Data below:
* * * * * * * * *
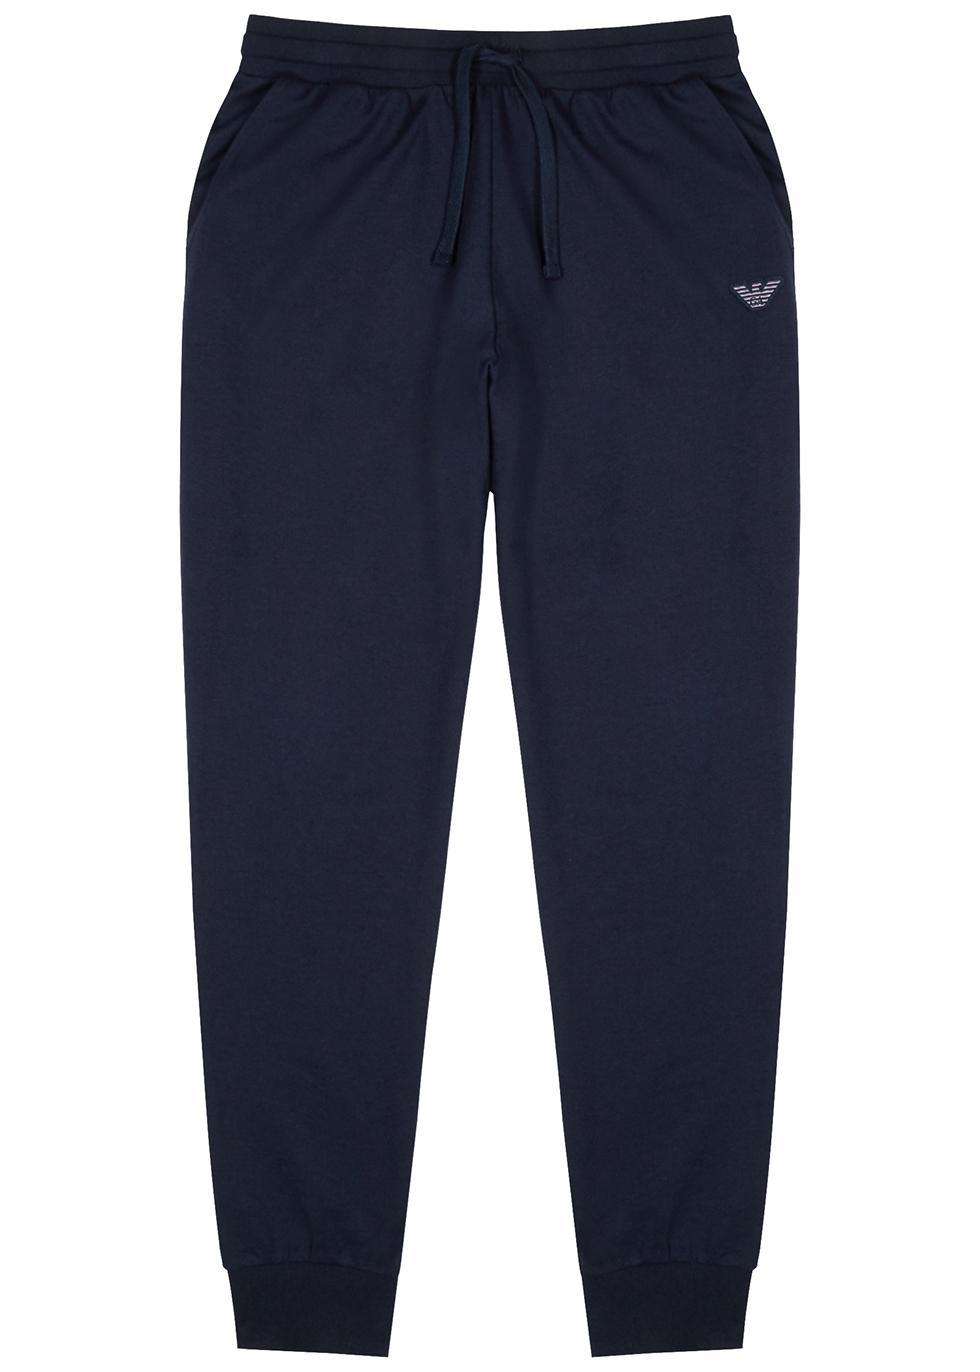 Navy jersey sweatpants
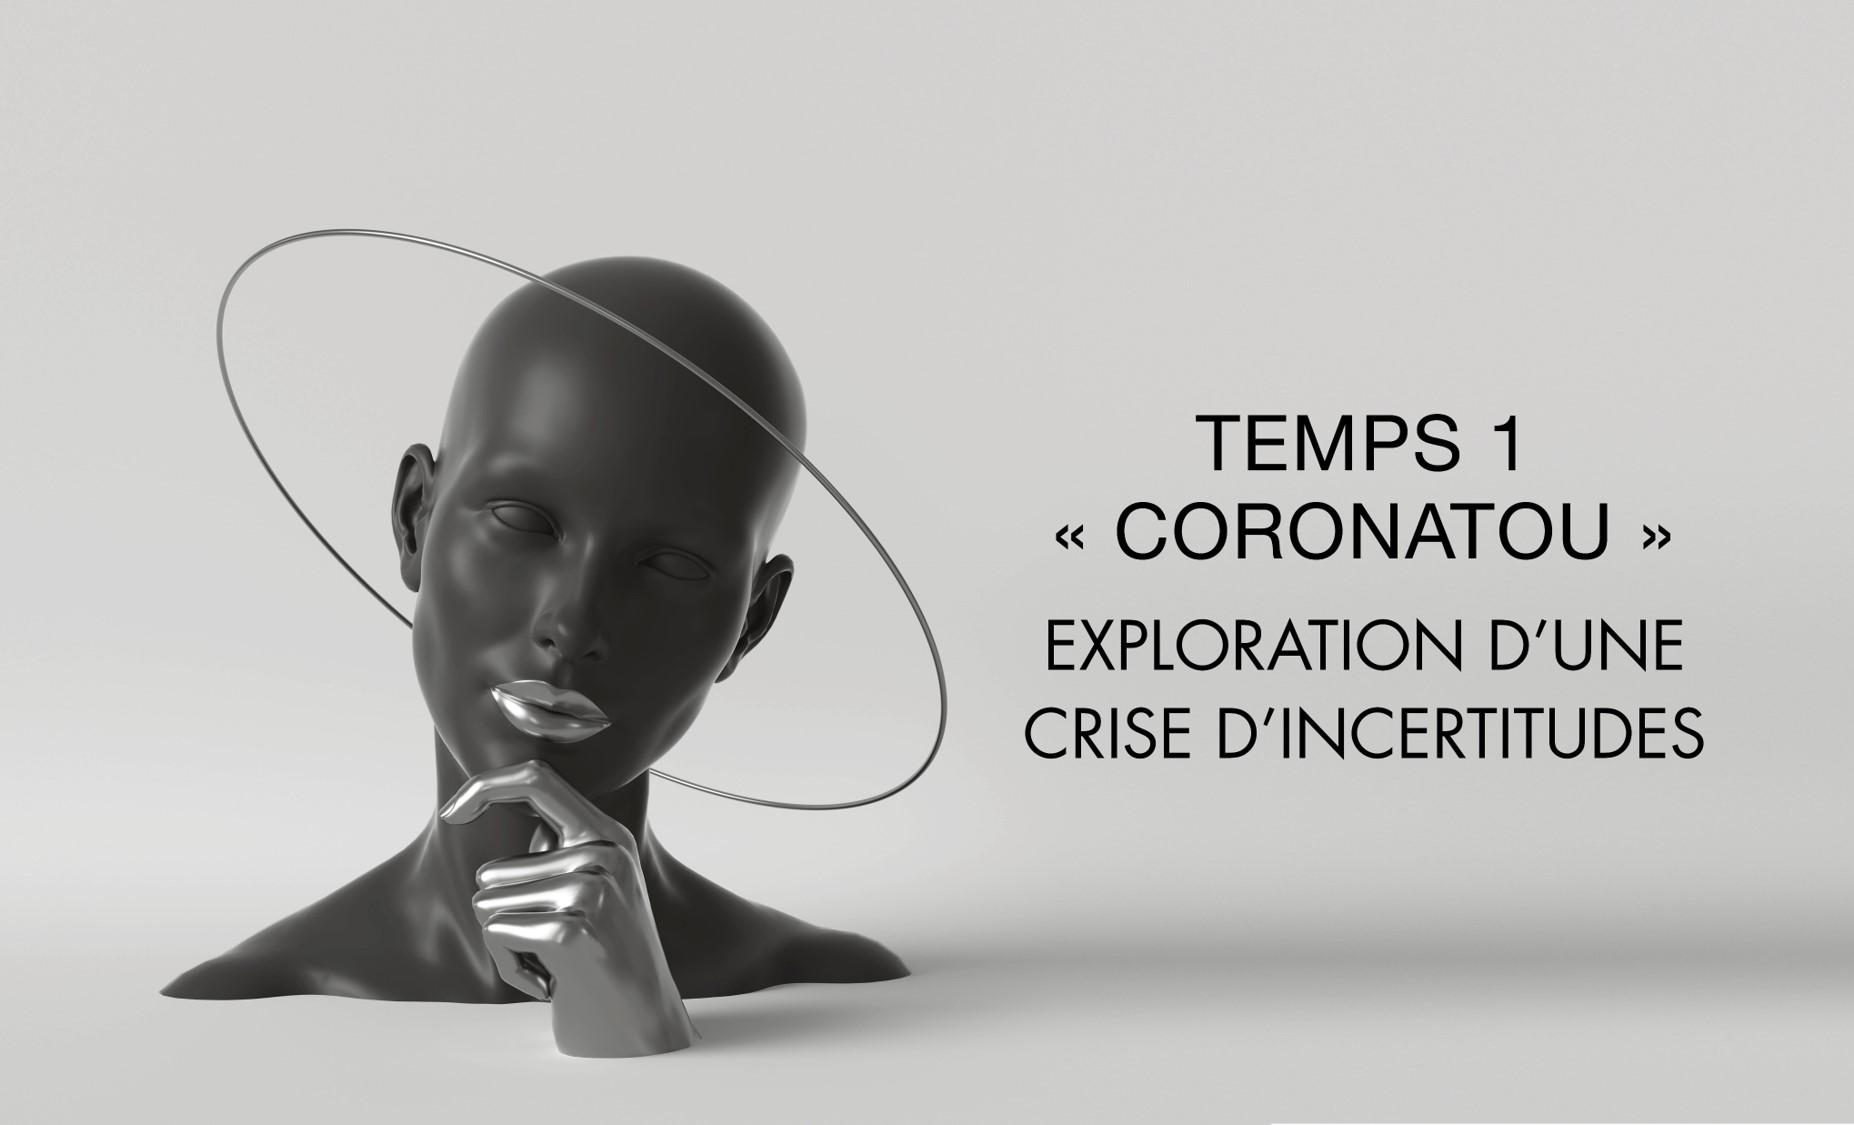 Étude COVID19 – Chapitre I «Coronatou»
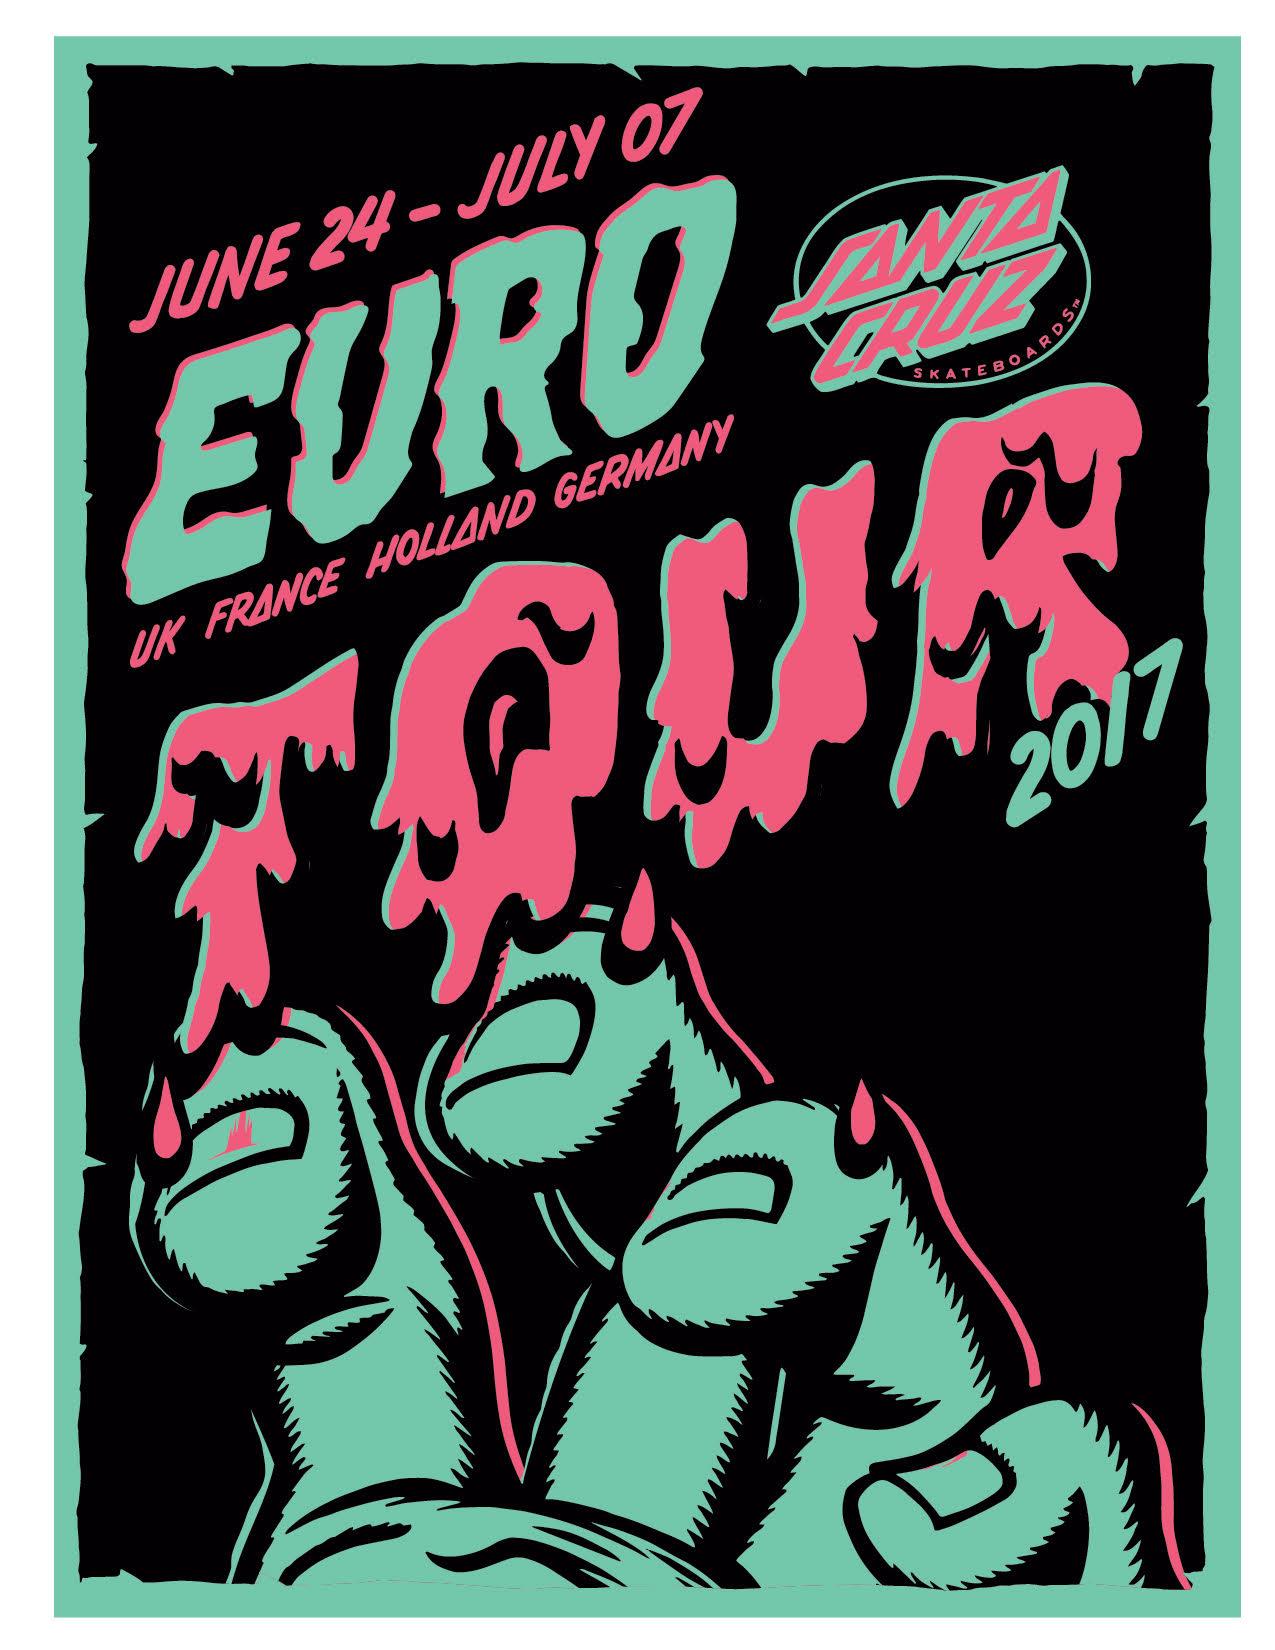 Euro Tours Summer 2017
* * * * * * * * *
What needs to be done: Nothing but an exact copy of the data, without pictures, should be returned.

Solution to the problem:
 Navy jersey sweatpants
 Étude COVID19 – Chapitre I «Coronatou»
 Euro Tours Summer 2017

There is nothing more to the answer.